**Work request:**
Restate every line of the material below word for word, skipping the images.

**Supplied material:**

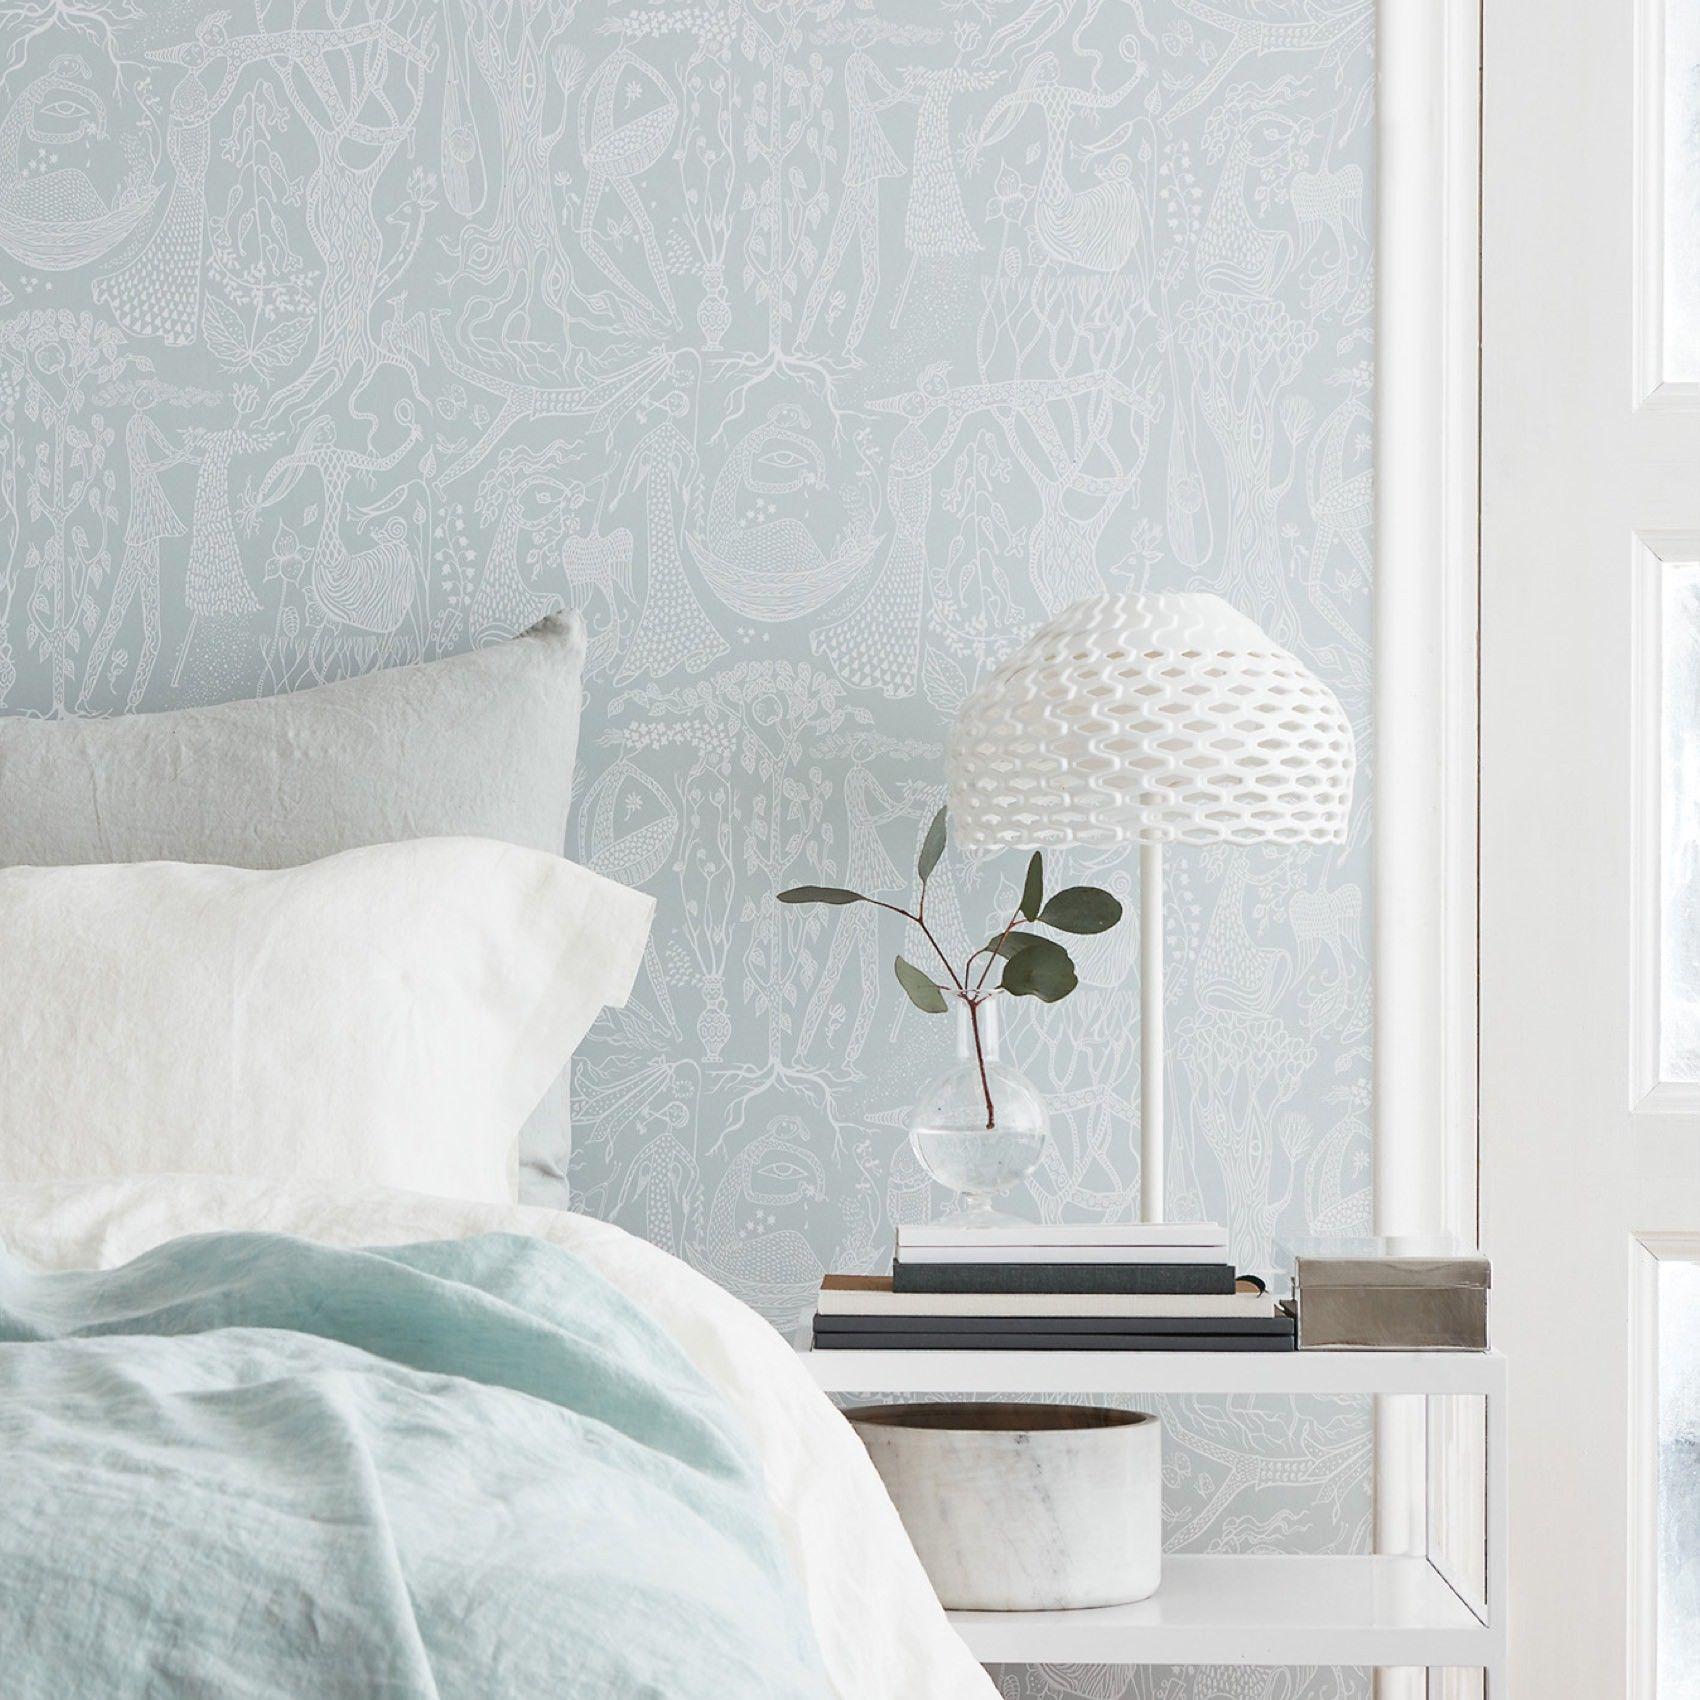 Design, wallpapers and ux/ui designer on pinterest
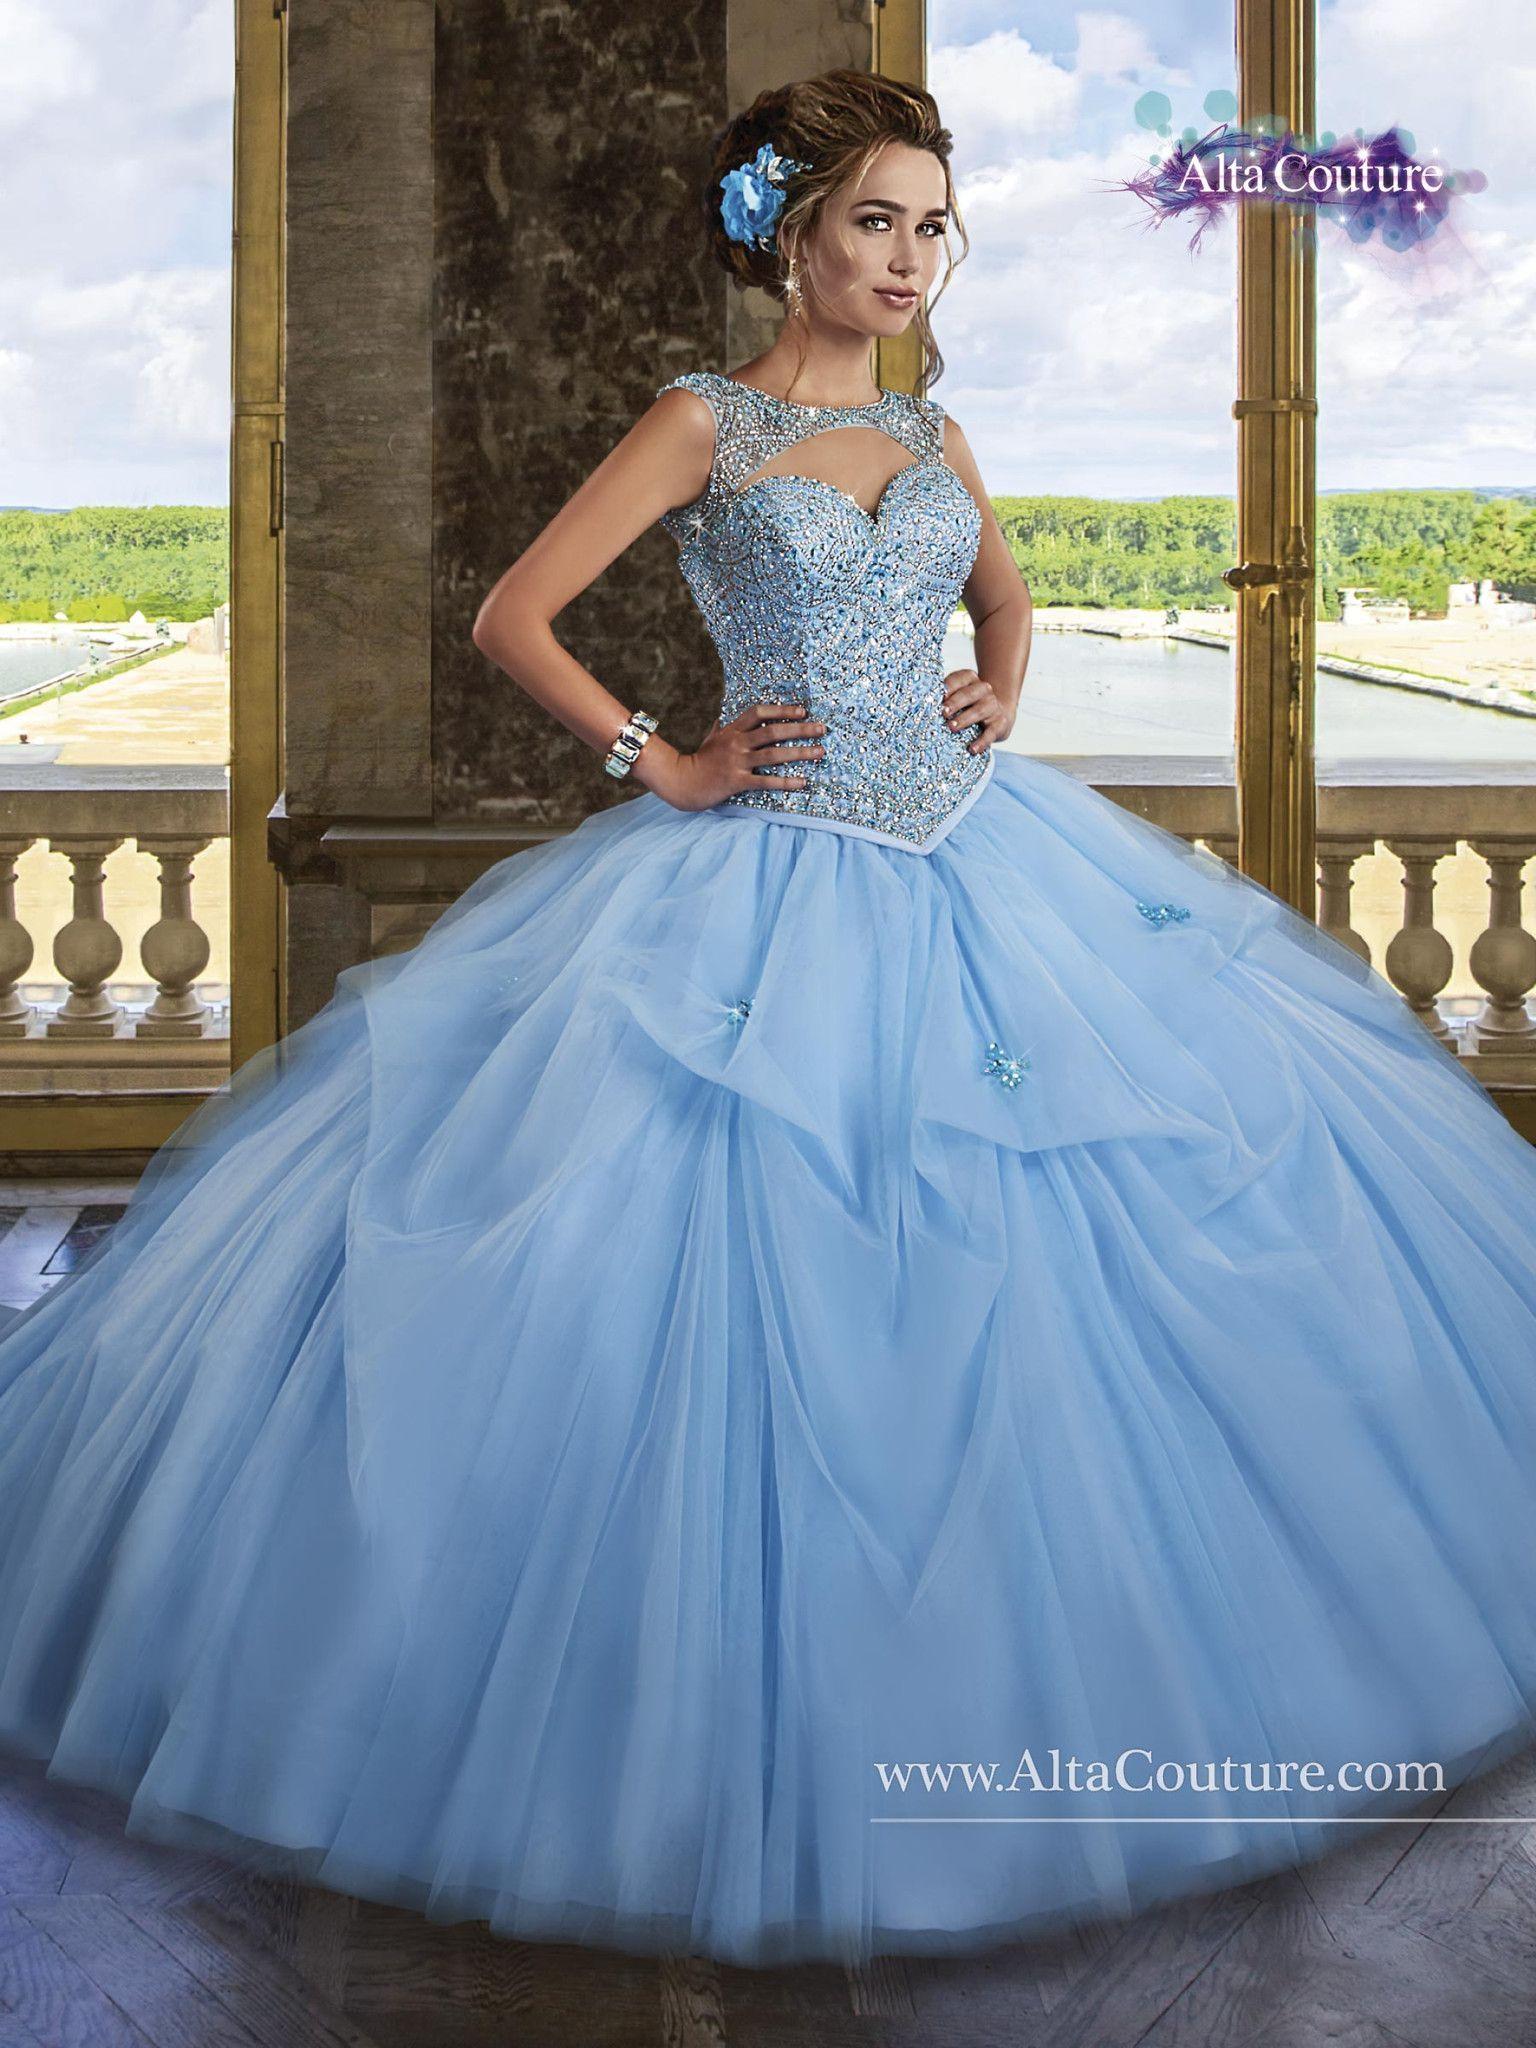 7a1e1426fc6 Alta Couture Quinceanera Dresses - Data Dynamic AG
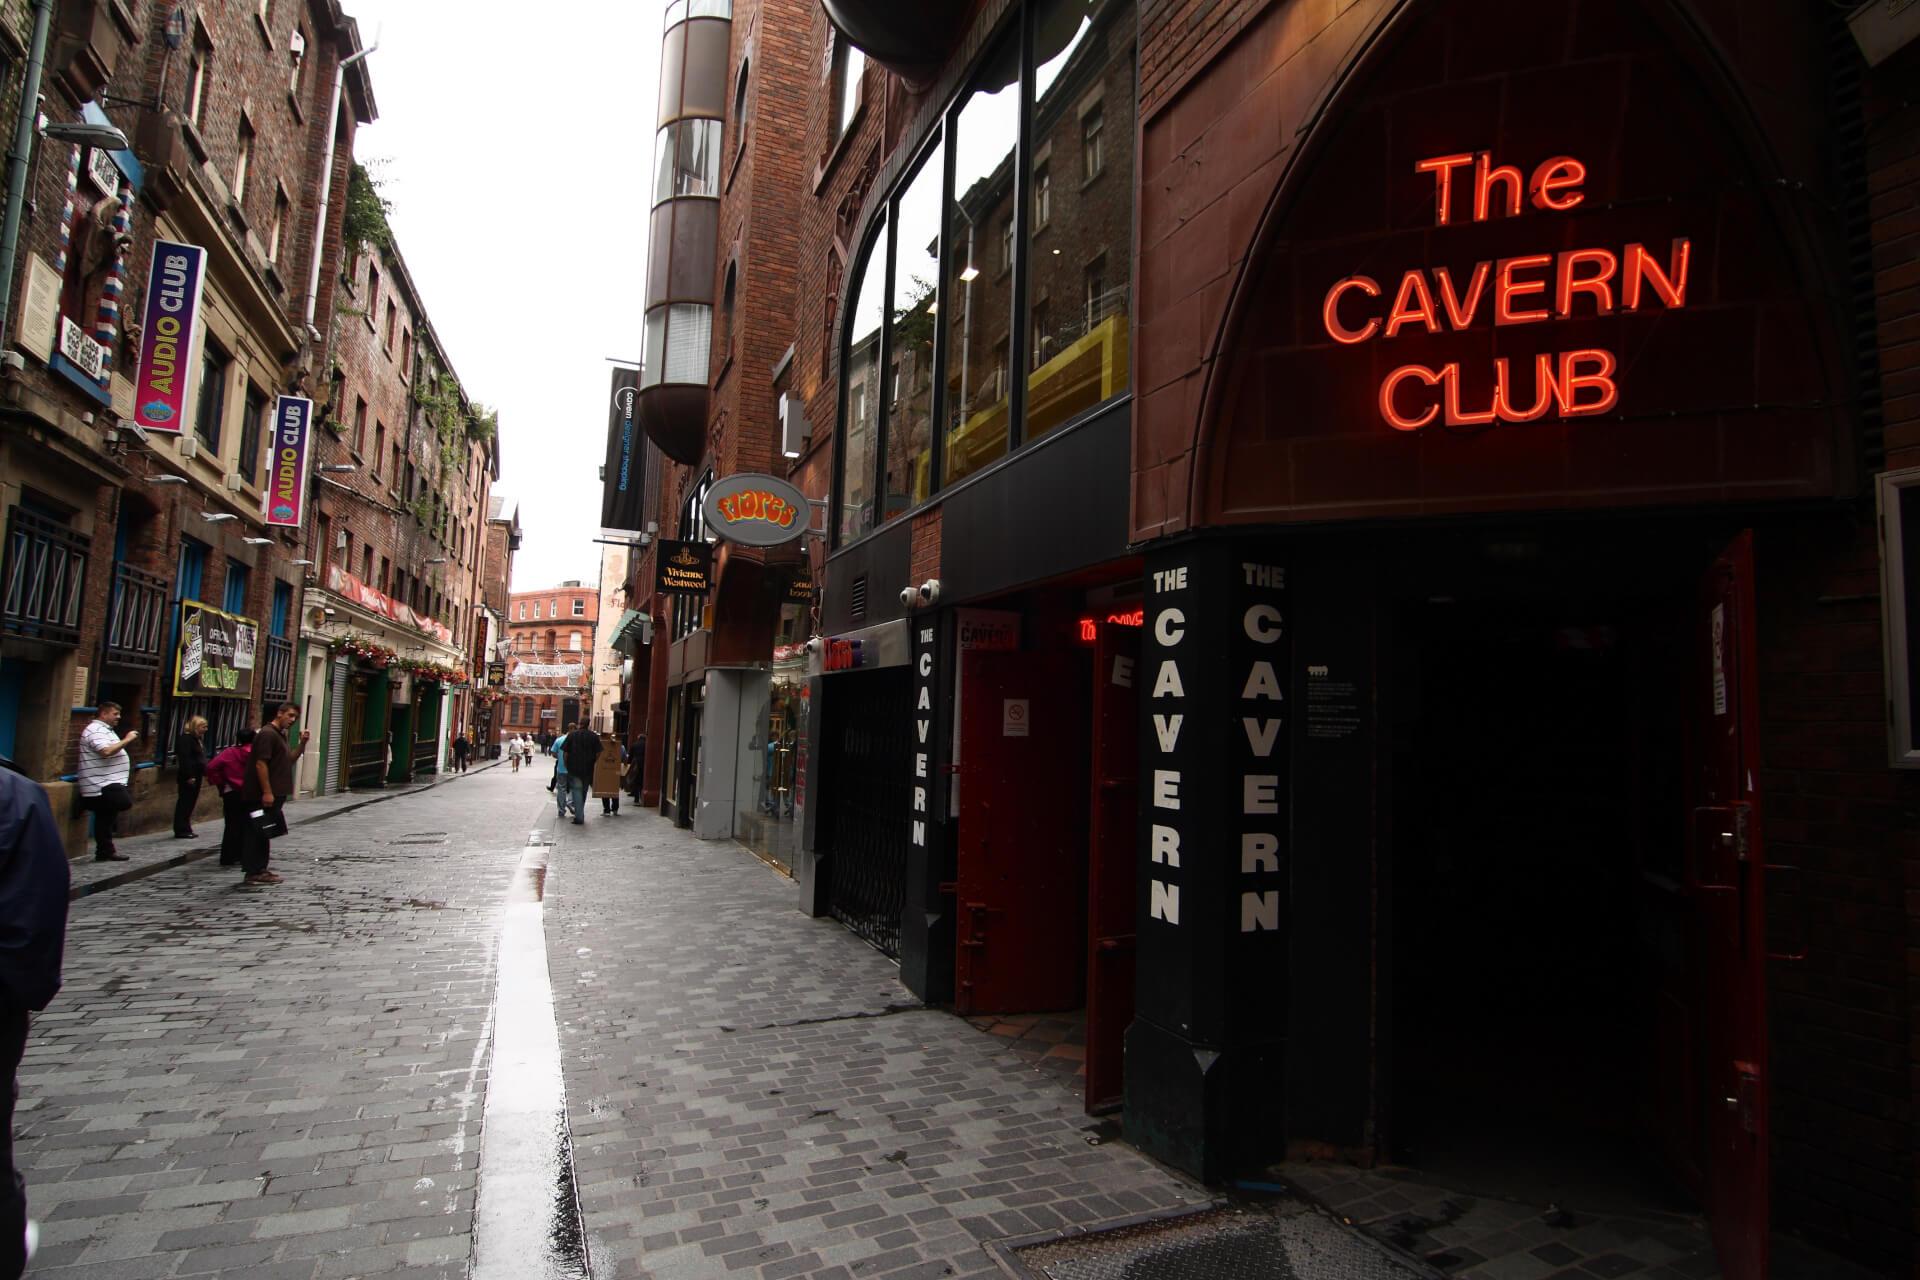 Cavern_Club,_Liverpool,_England1

**Answer below:**
 Design, wallpapers and ux/ui designer on pinterest
 7a1e1426fc6 Alta Couture Quinceanera Dresses - Data Dynamic AG
 Cavern_Club,_Liverpool,_England1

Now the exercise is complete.